I was merely asking for a hardware thread handler, and if like Nvidias "hot clocks" it can run at 2 or 4 times the core speed it could easily dispatch and track resources, even handling the offload of work to the GPU cores for faster processing. I understand the unified memory and number of threads/different type of work makes it difficult, but compared to making mediocre processors blazingly fast, what downside is there? If it added 25W of heat but was only used on enthusiast grade processors I would still buy it, as would many.
That said, I'm fairly sure. Many of us would buy higher clocked chips up to 250w, and it would still sell among us. Given it's still able to be air cooled and all and most mid tower cases supporting 120mm tower coolers. Just leave a cooler out of the box, or give an option for a 155-165mm tall cooler with push-pull fans and a good design and we're set.
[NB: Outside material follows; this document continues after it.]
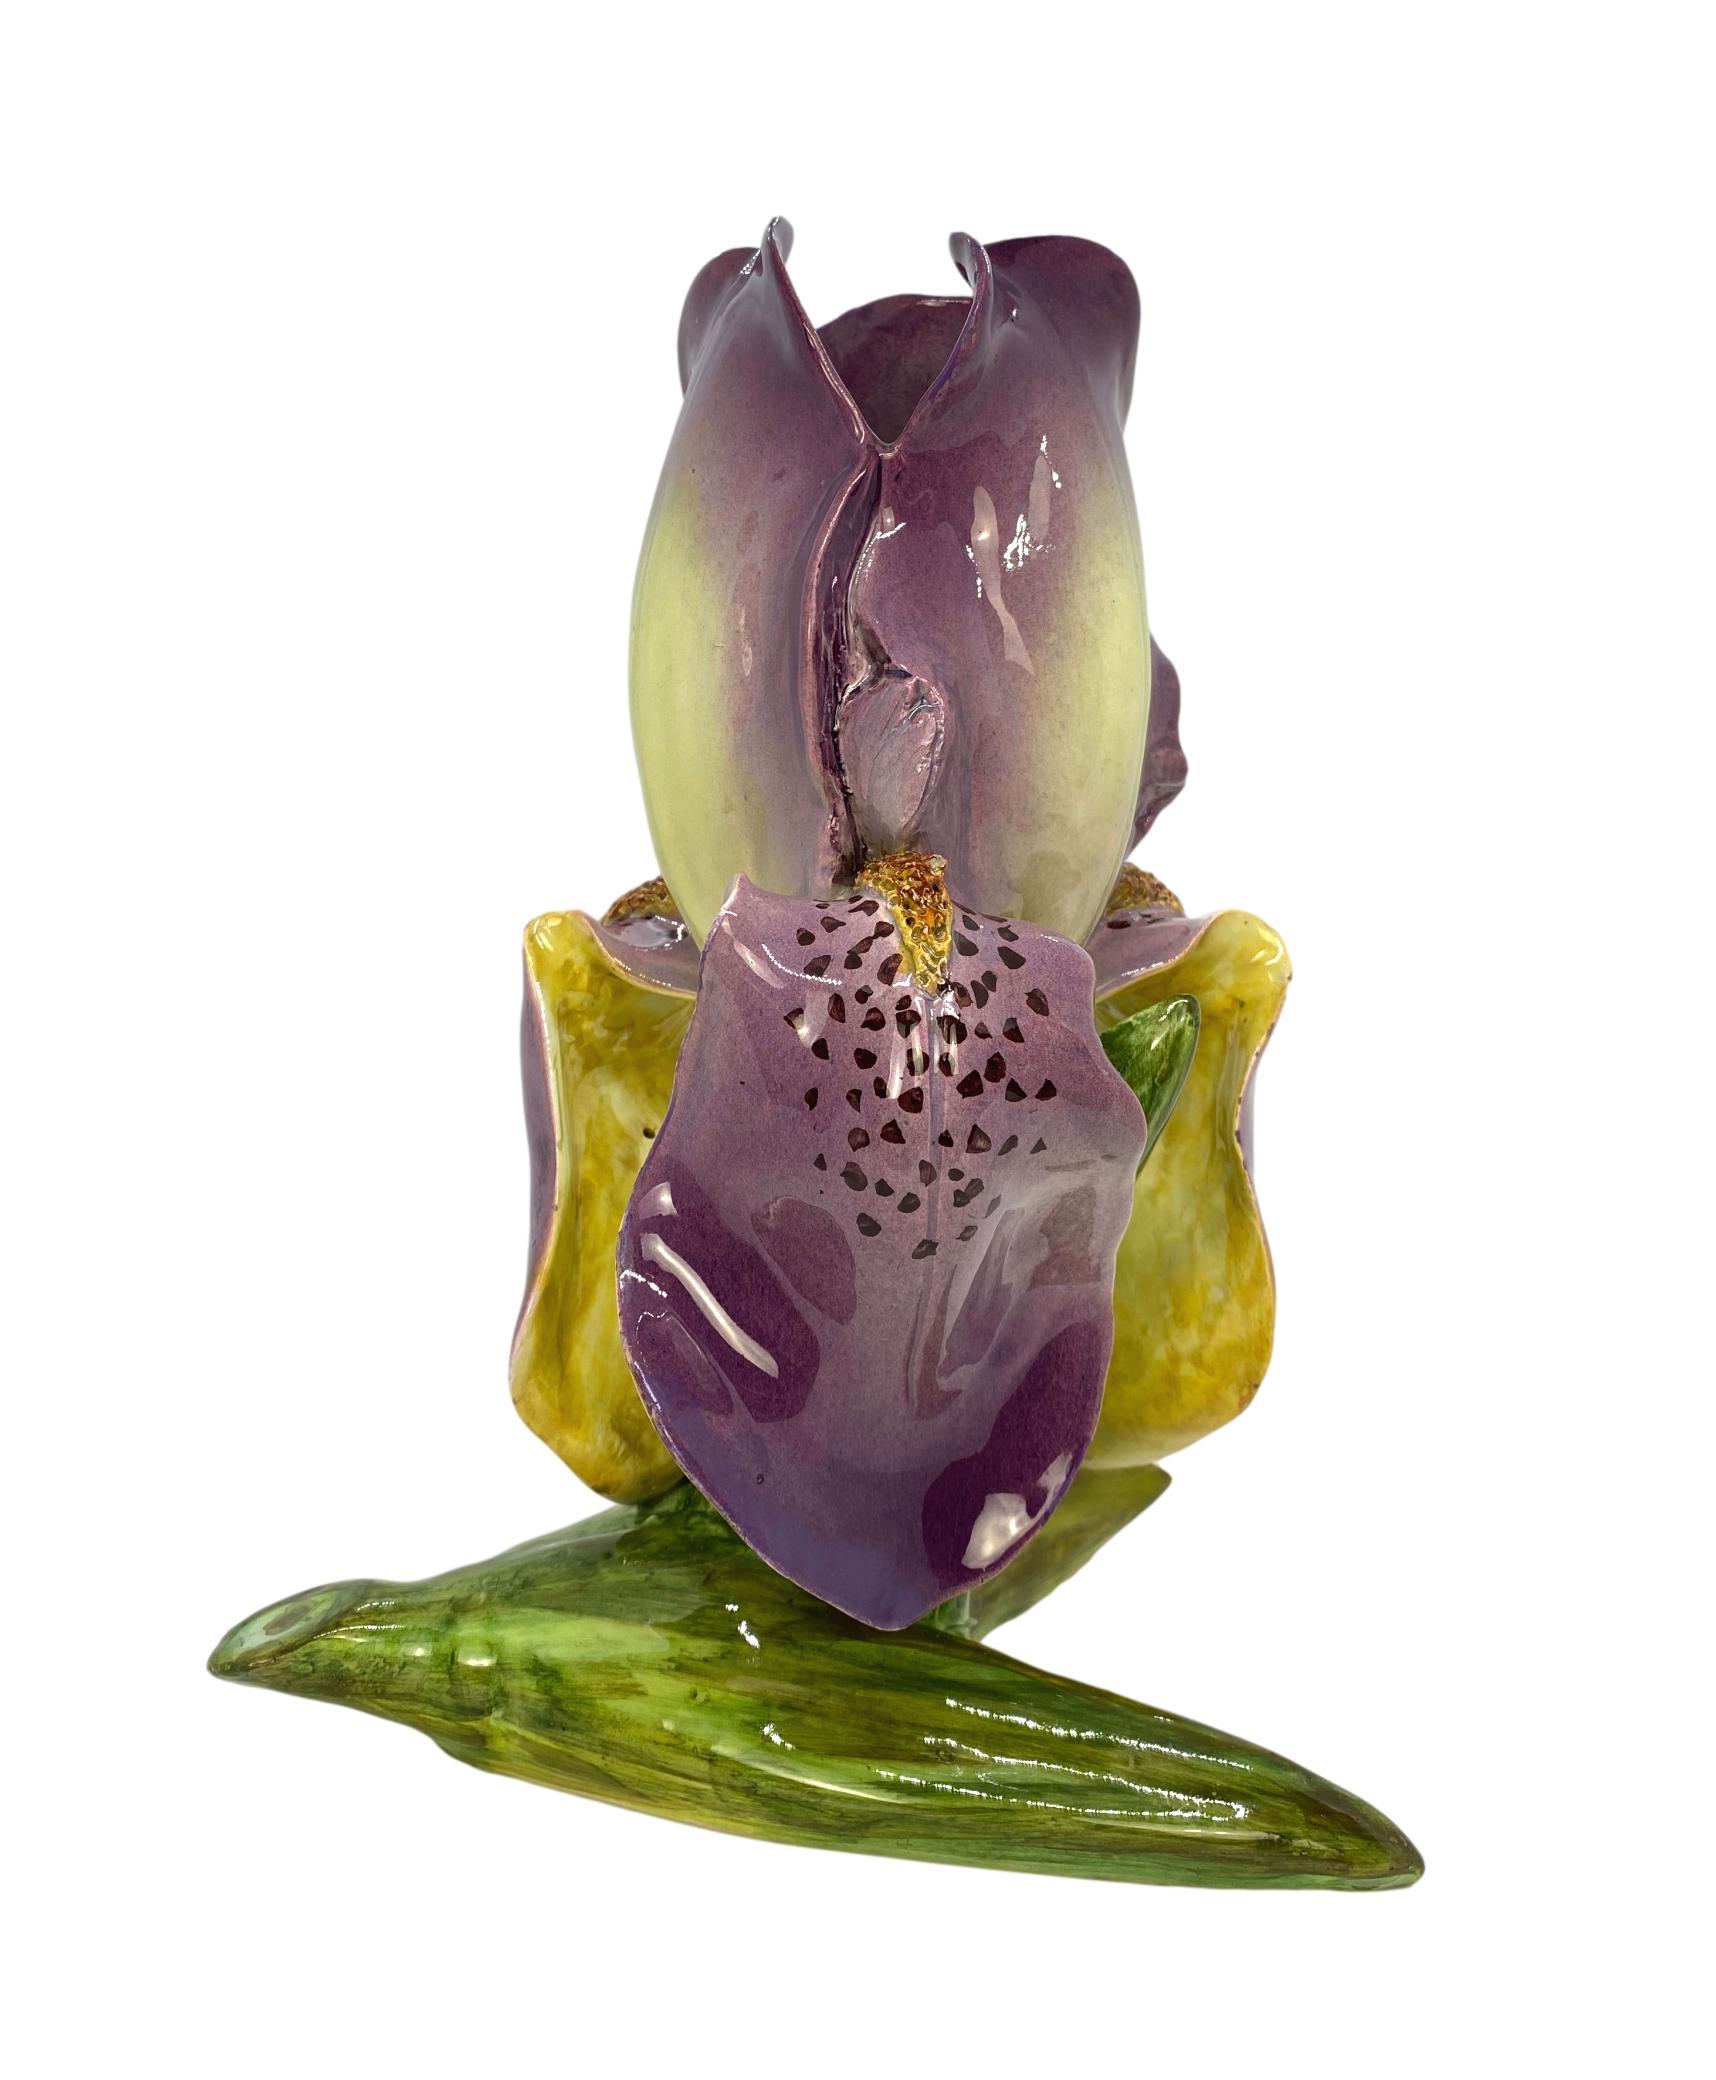 Vase en majolique française (Barbotine) en forme d'iris par Delphin Massier, vers 1870, modelé de manière naturaliste comme un iris en fleurs surdimensionné, les pétales lavande formant le corps, avec un couvercle ouvert, sur une base en forme de

nVidia can do what they do because GPUs dispatch large workloads and runs a calculation on every shader that has data. CPUs don't work like this because you're not bulk processing the same instruction across a ton of data. You have different instructions being run, therefore what you're describing for a CPU is essentially a pipeline, which CPUs already have, but "dispatching" anything will result in less performance in single-threaded instances.
Do you know the basic 4 operations that almost any general purpose CPU does? Not to over-simplify how long a pipeline is, but basically you: LOAD, DECODE, EXECUTE, AND STORE, in that order. At this level, there is no parallelism, is's very step by step in the sense that you can't decode an instruction before you load it, you can't execute an instruction until it has been decoded, and you can't store the result after the instruction has been executed.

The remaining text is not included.